Before veterans served our community, they served our country

Leo Holte is a Waste Management driver, and then some.

Cpl. Holte spent five years in the United States Marine Corps stationed in Okinawa, Japan, and then San Diego, California. Assigned to Motor Transport, Holte was in charge of operating and maintaining tactical military and commercial motor vehicles.

It was a big job — a job on which lives depended, and he mastered it as a result of intensive training in safety, teamwork and leadership.

For 10 years now, Holte has brought this same knowledge and dedication to his work as a driver for Waste Management. Holte’s job is to make sure all the drivers on his team are equipped with the tools and the information necessary to complete their jobs safely and efficiently.

“No driver left behind,” he likes to say.

Leo and his fellow drivers serve the cities of Arlington, Darrington, Marysville and Mukilteo as well as other parts of Snohomish County.

They collect food waste and yard debris to help Waste Management’s local government partners reduce what goes to landfills. The work day can be long and demanding, especially when construction detours or weather conditions complicate routes.

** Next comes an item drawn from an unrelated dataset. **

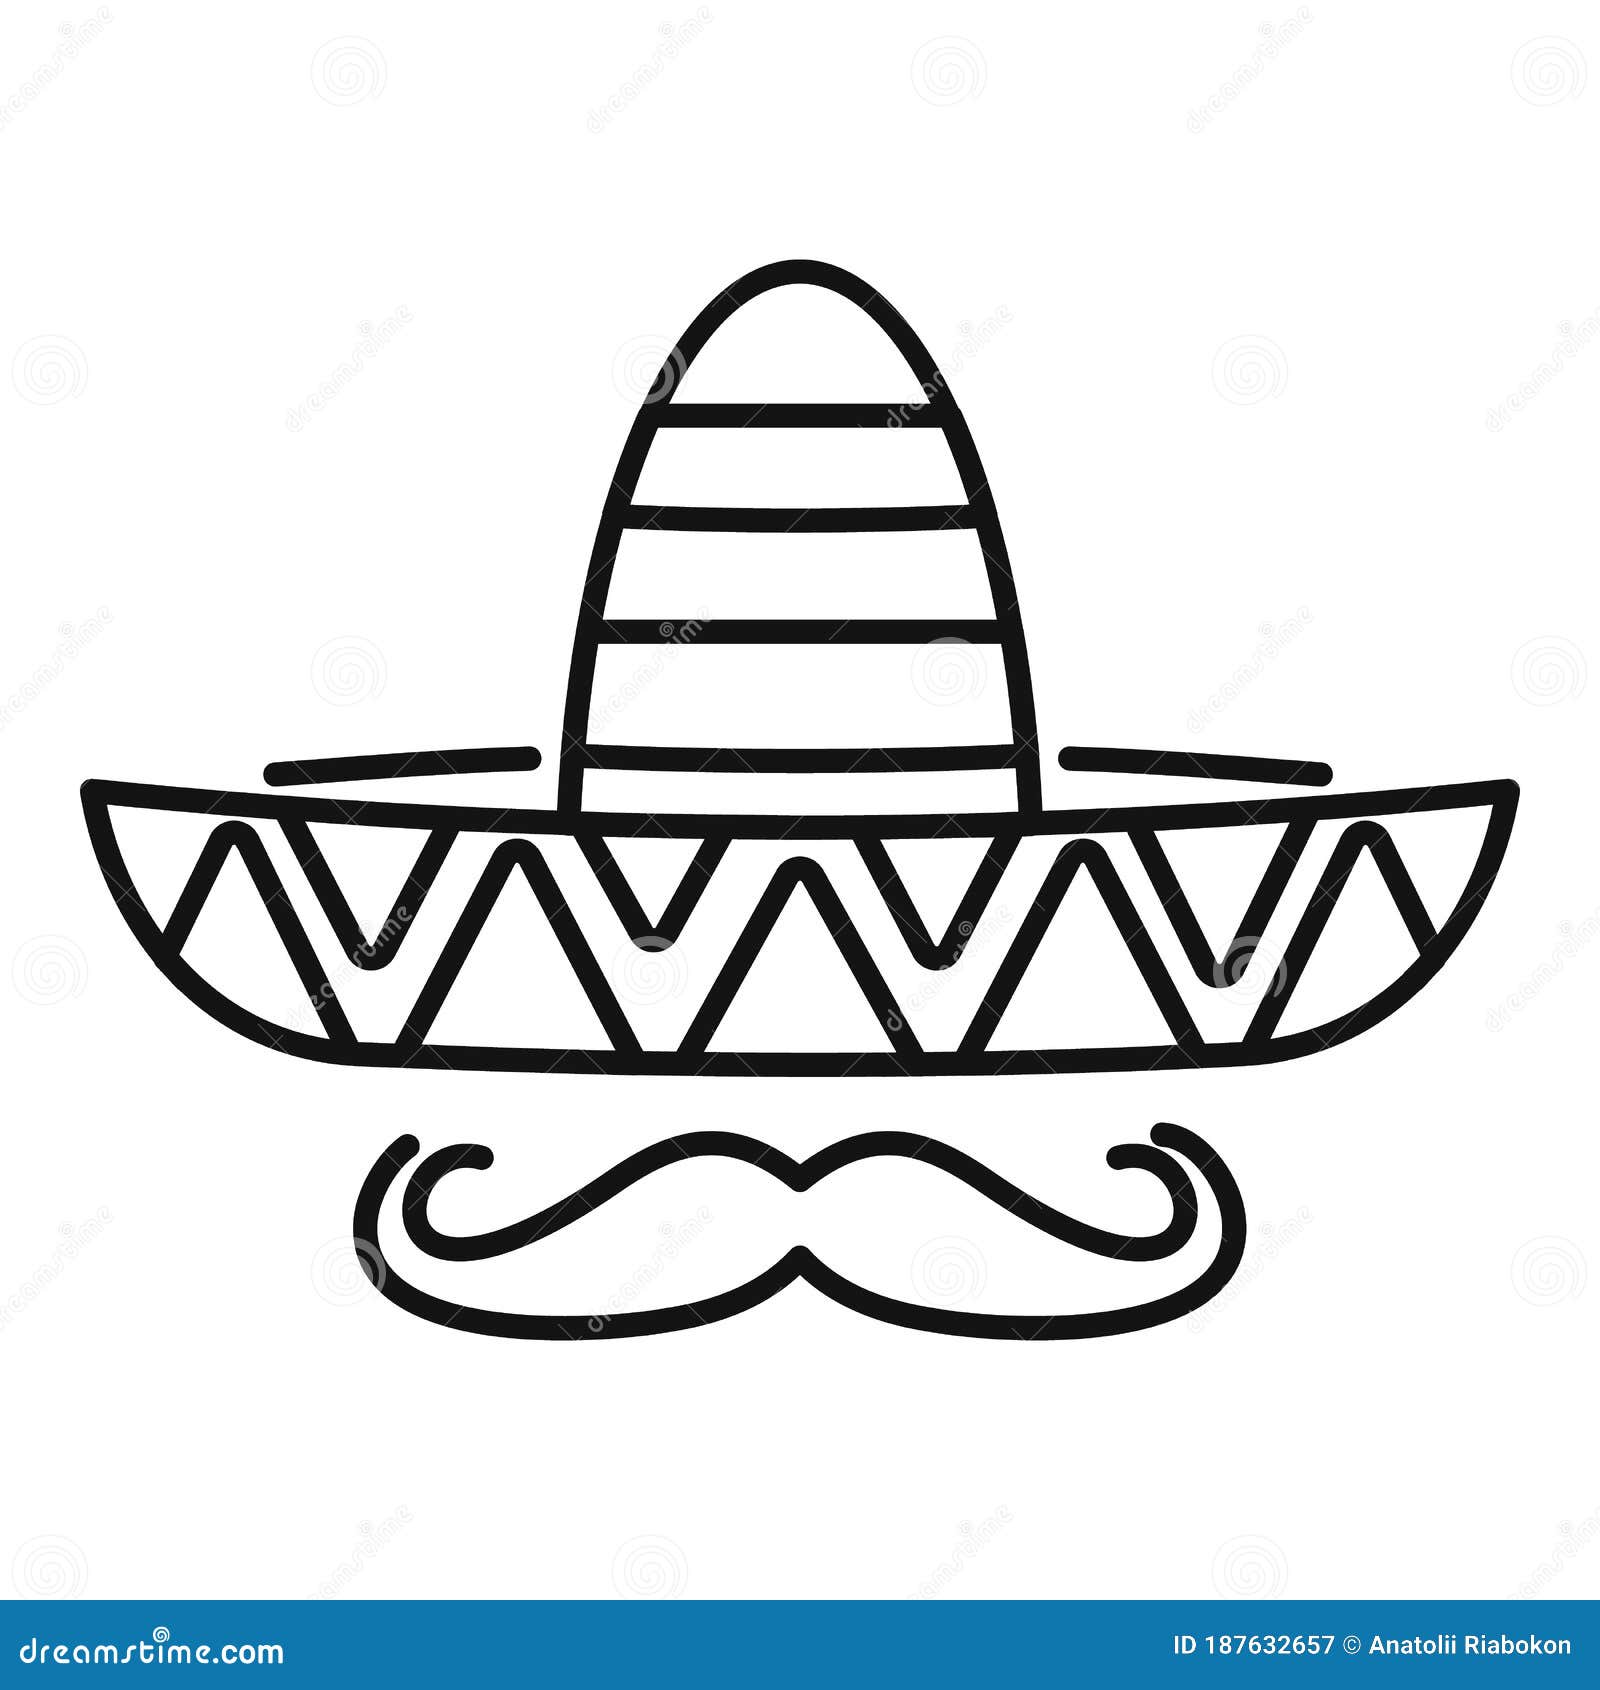 mexican sombrero mustache icon, outline style

That’s when the Marine in Holte shines.

“If somebody is running behind, I’m going to help them,” Holte said. “I’m going to step up to help the other driver every time, so we can service every one of our customers and then get home to our families.”

Holte credits his Marine Corps training for helping him develop good judgment and initiative. His district manager, Jeff McMahon, appreciates Holte’s military training, especially how he approaches safety, teamwork, and leadership.

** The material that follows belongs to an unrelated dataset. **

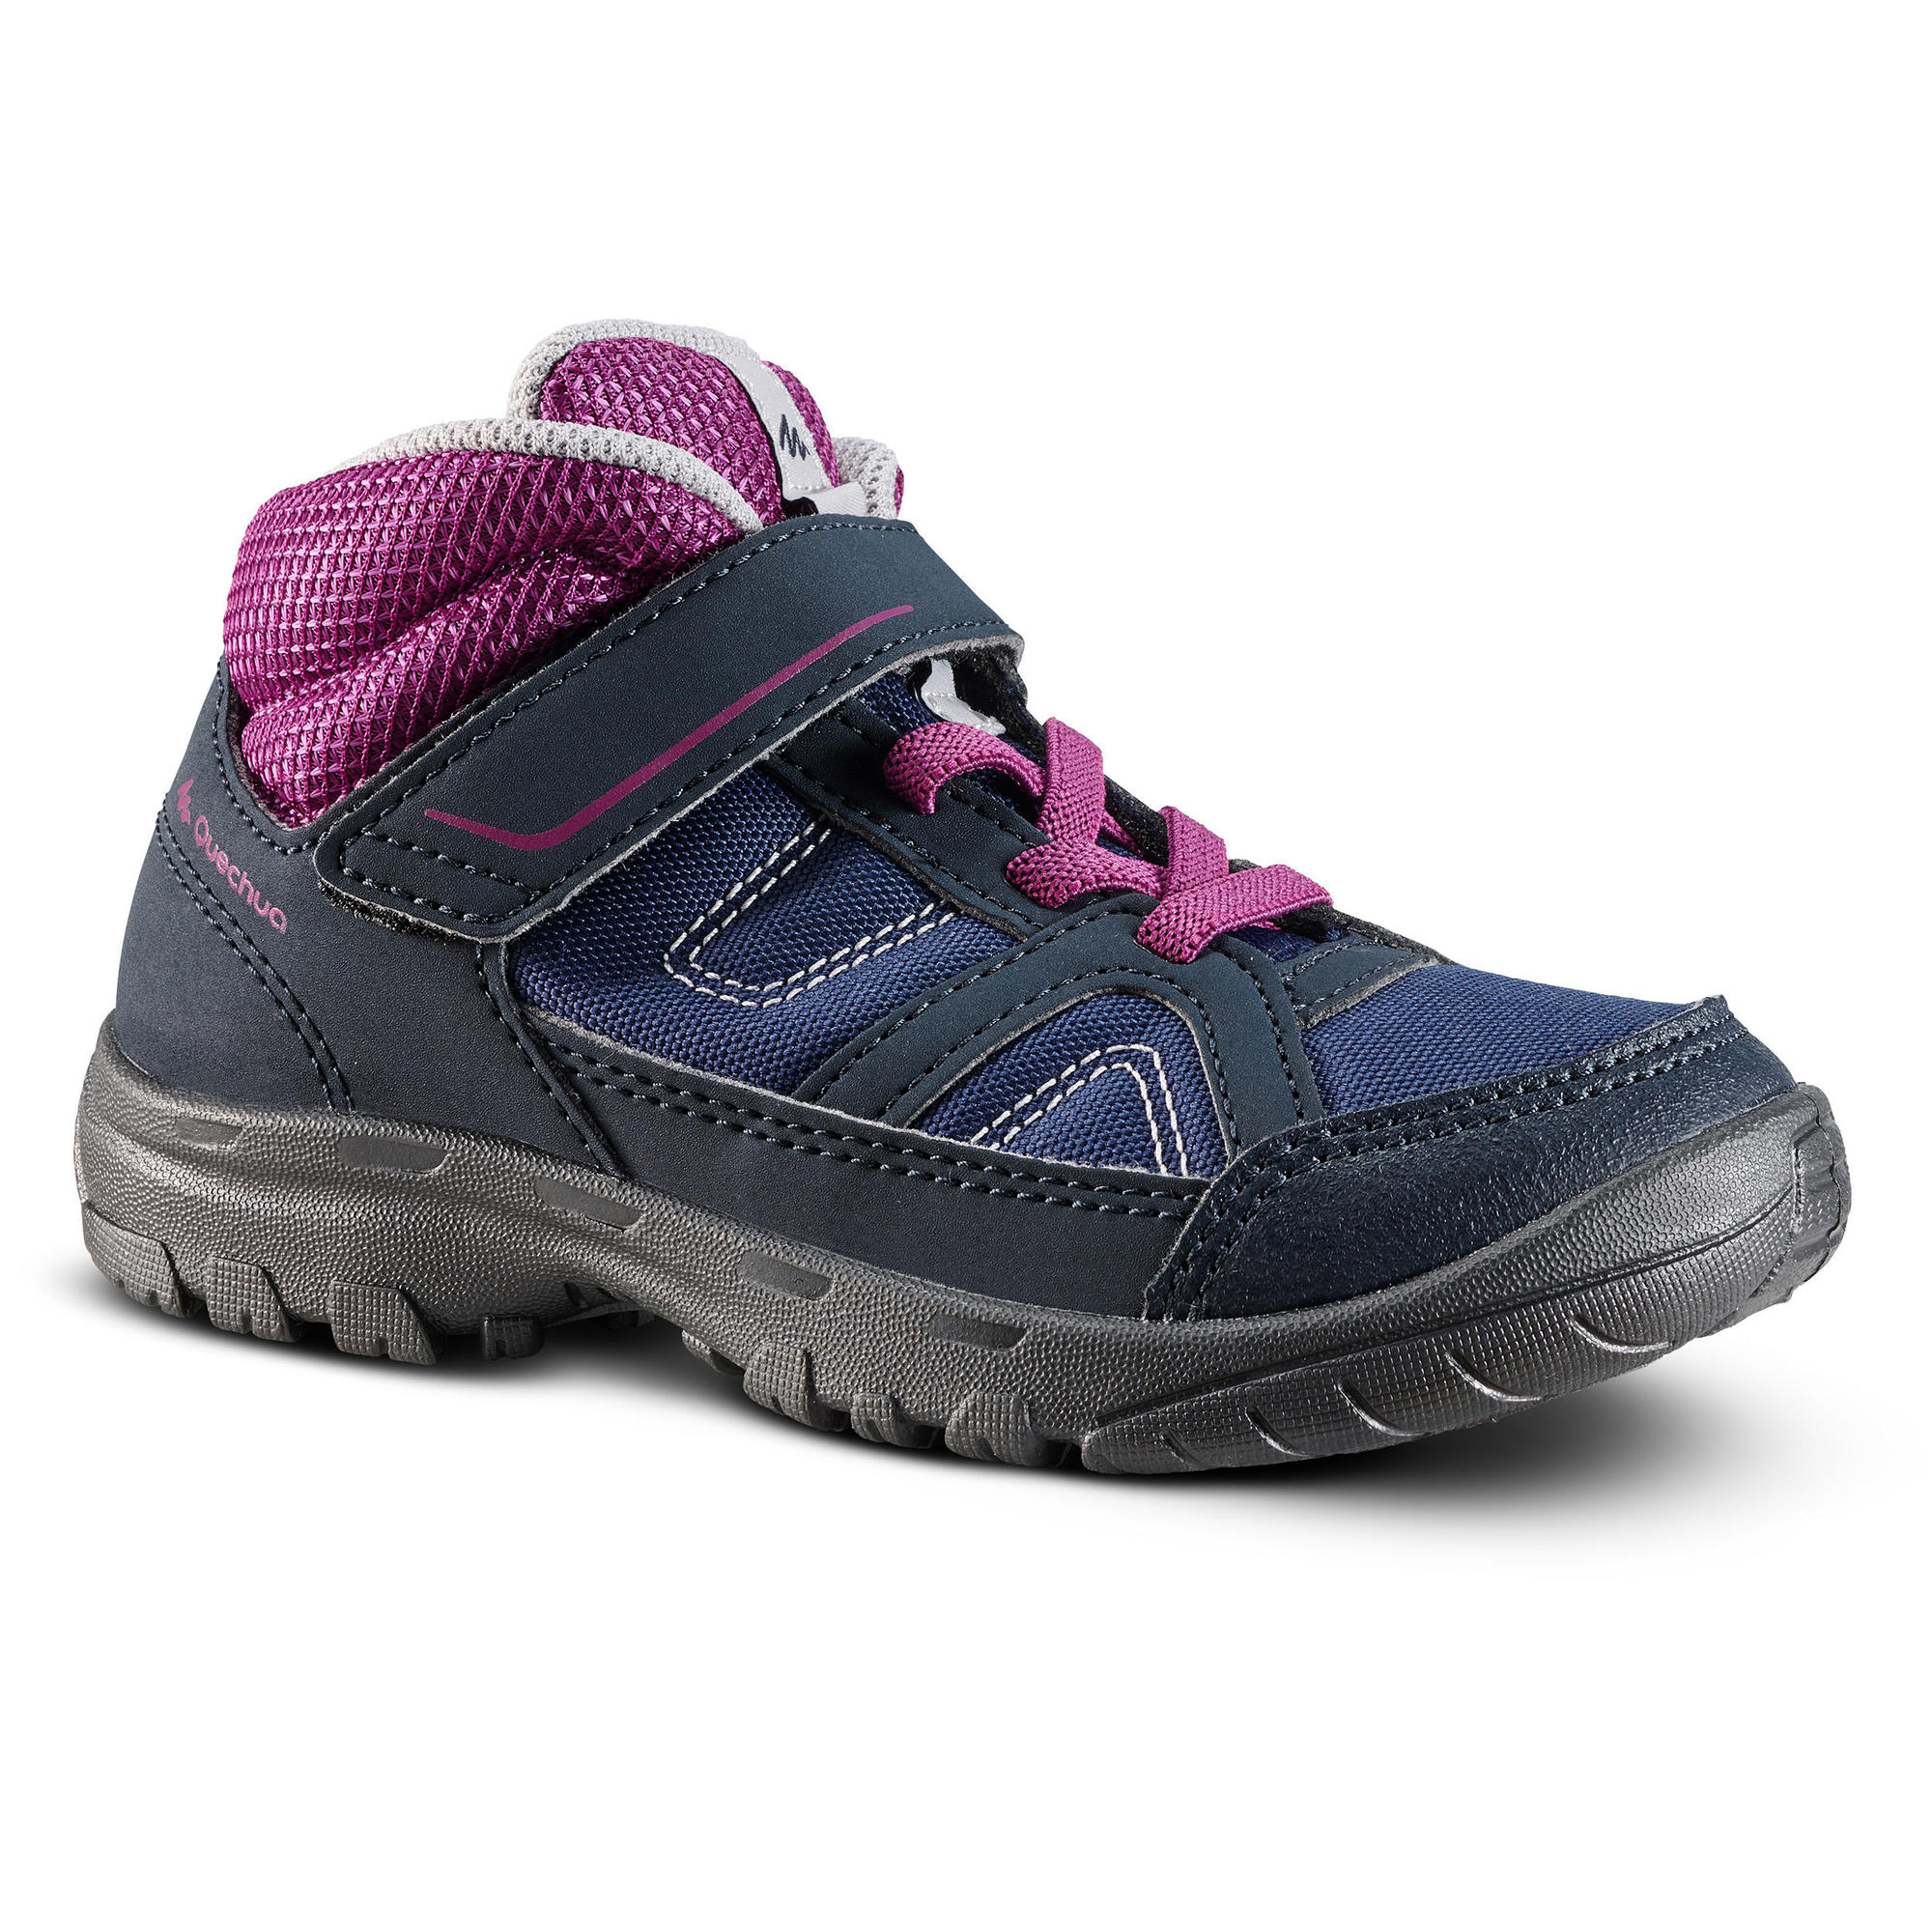 Decathlon MH500, High-Top Hiking Shoes - Walmart.com

In fact, Waste Management is a champion for veterans — among the nation’s top employers of veterans. For six years running, the company has earned recognition as one of the most veteran-friendly companies from US Veterans Magazine, Military Times and GI Jobs.

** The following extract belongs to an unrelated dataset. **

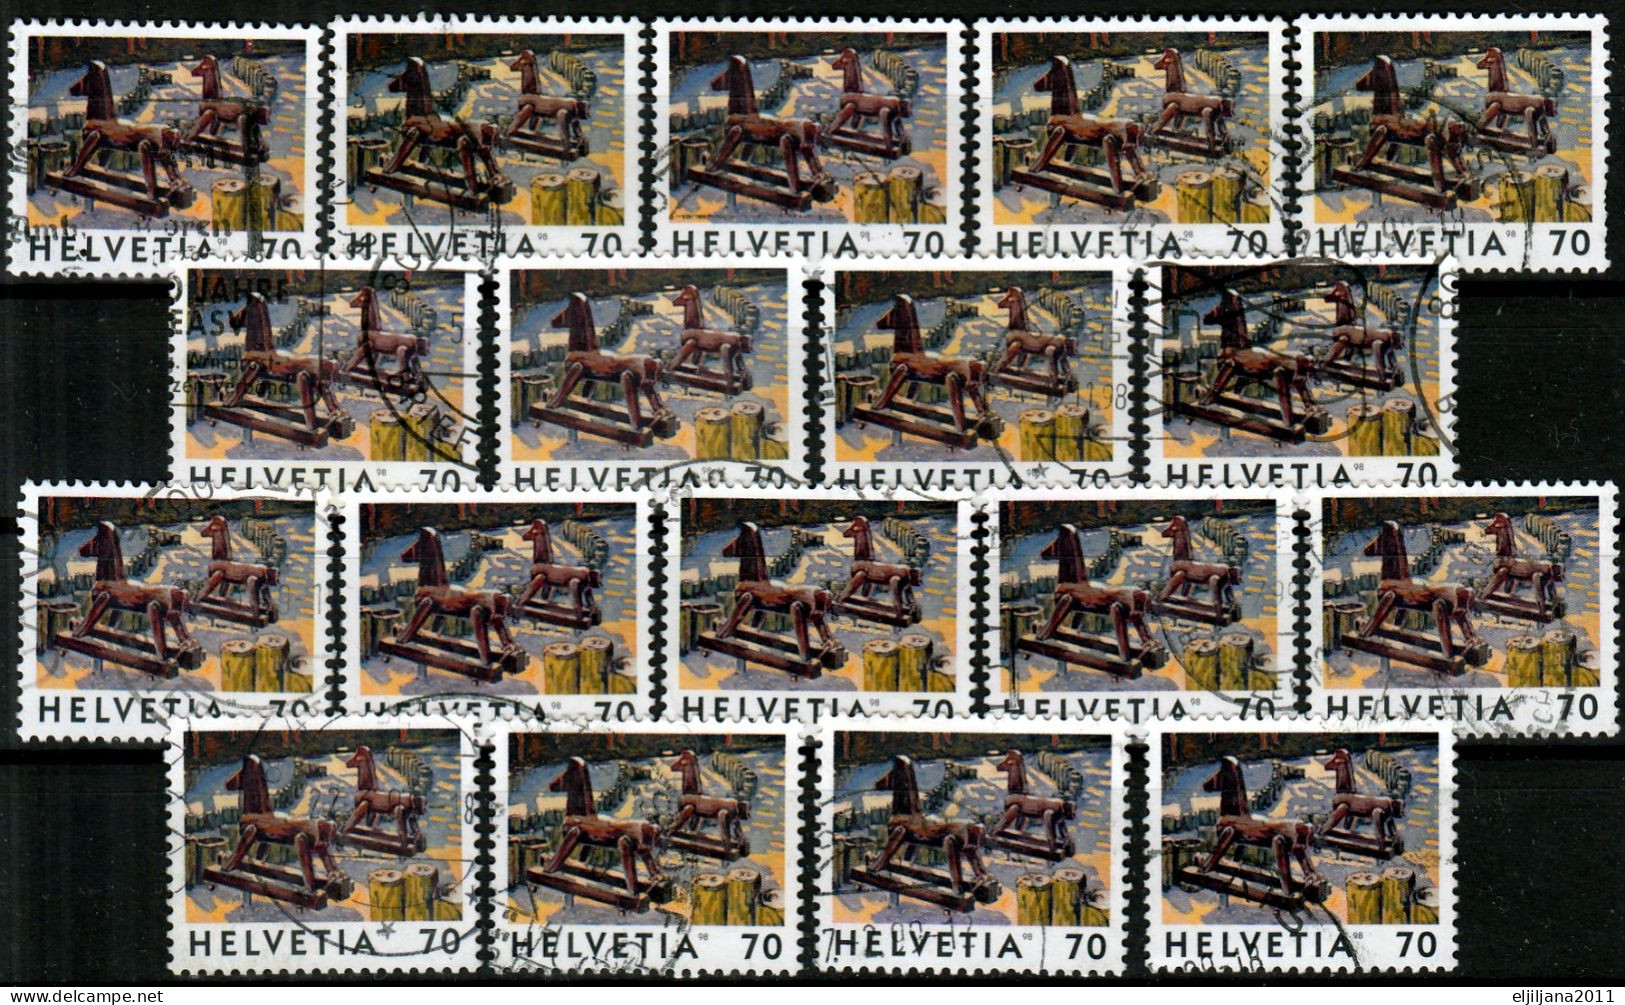 Switzerland / Helvetia / Schweiz / Suisse 1998 ⁕ Deux Chevaux Mi.1646 ⁕ 18v Used - Used Stamps

It makes sense. One of every 14 Waste Management employees is a veteran, a spouse of a vet, or a current reservist. In the Pacific Northwest alone, Waste Management employs more than 175 veterans.

“When we recruit for drivers and managers, military veterans often stand out because of their extensive training in safety as well as their natural leadership qualities. They know how to be part of a team,” McMahon said.

“For Leo and so many Waste Management employees who have served our country, there is also honor in being part of something bigger than themselves – in using their skills to serve our communities,” McMahon said. “It’s another way to serve others.”